Remember when I wrote about how we need to live and work not just according to our strengths, because those other places will eventually need strengthened? Well, this is why: Soccer season.

This year the biggest 3 decided to play, which many people would celebrate and I at least pretend to. But now the reality has set in, and I’m delivering children to a soccer field every night of the week during the prime of Jr. High football season, rendering JJ useful only to other people’s children.

I know this is no new news to most people with a child over the age of 5. This is the way the world of big kids works. You shuttle, you shuffle, you keep lawn chairs in your trunk and you beg your mother-in-law to help ferry children about in exchange of promises of the best nursing home someday. (A long time away, someday.)

And I know most people can roll with this climate. They do not understand why I would have an existential crisis over knowing when to feed my children dinner. Ah, but they are not raised in the Wingfield Way: Making simple decisions challenging, since, forever.

If I ask three Why’s (which continues to be one of the best bits of wisdom for getting to the actual issue), it’s not about dinner or time in the car, or even the pace at which our August and September is charting. I’m staring down at newness, and a little bit of grief.

After a million years of experience having a thousand little ones in my home, day after day, my life is shifting significantly this year. While I dance in celebration of a few days of peace to get actual work done, this new land of bigger kids is foreign. You’re asking a mom with top notch sippy-cup filling experience to know how to consistently arrive on time for pick ups and drop offs, which is the equivalent of asking a music teacher to take over the phys ed program.

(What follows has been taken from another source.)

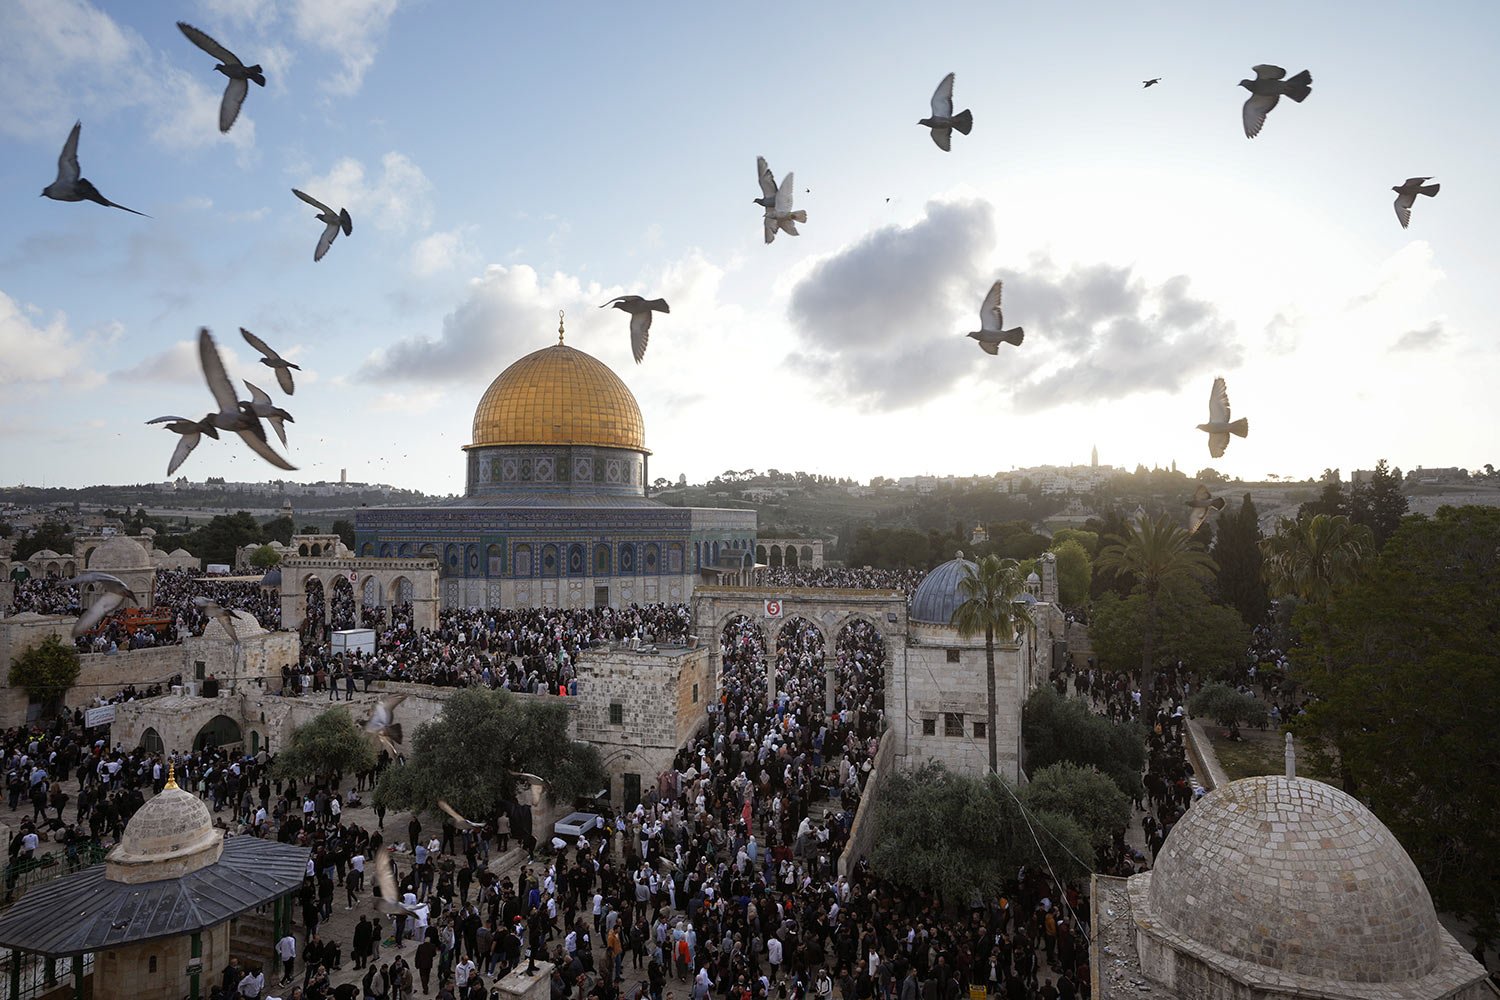  Palestinians attend Eid al-Fitr holiday celebrations by the Dome of the Rock shrine in the Al Aqsa Mosque compound in Jerusalem's Old City, Friday, April 21, 2023.  (AP Photo/Mahmoud Illean)

Of course it can be done, but not without practice and patience and instruction and a bit more patience.

In a million ways, I love Big Kid Land. The oldest two are a whole lot of fun right now; I love seeing their personalities and interests and the way they see and experience the world. I love that they want to try new things. I don’t bemoan the next stage. It’s not bad, it’s different. The newness is still so shiny, I can barely look at it directly.

But there’s something about the place where you began, in little kid world. I see mamas nursing babies and think, awww, me too! only to realize it’s been four years since I’ve had to unsnap at the sound of a whimper. I’m not actually in that place anymore.

I’ve been shipped to a new land, and I only speak small phrases of the language, and “donde esta el bano” is “which field are we going to?” My native tongue is only useful in small neighborhoods around me. Now I must learn a new language, new customs and ways of interacting with society. I get messages from coaches saying, “this is a travel team. We have home and away games, as far as Arcadia,” and I feel like I need a translator.

Growing up is terribly hard, and I think it only gets more challenging as we get older. Growing up as an adult is simply the worst. We’re not as flexible as we used to be, we have our habits and our ways which can be helpful but also can slow us down. But if we’re living, we’re growing. Sameness shouldn’t be our goal, for we will be sorely disappointed and miss out on new beauty with our narrow direction.

Here’s to us, mamas (and daddy’s), learning and growing beside those we’re raising. May we have grace with ourselves. May we have an openness to the new and unknown. May we receive the blessings of a new stage and a new land with gratitude and joy.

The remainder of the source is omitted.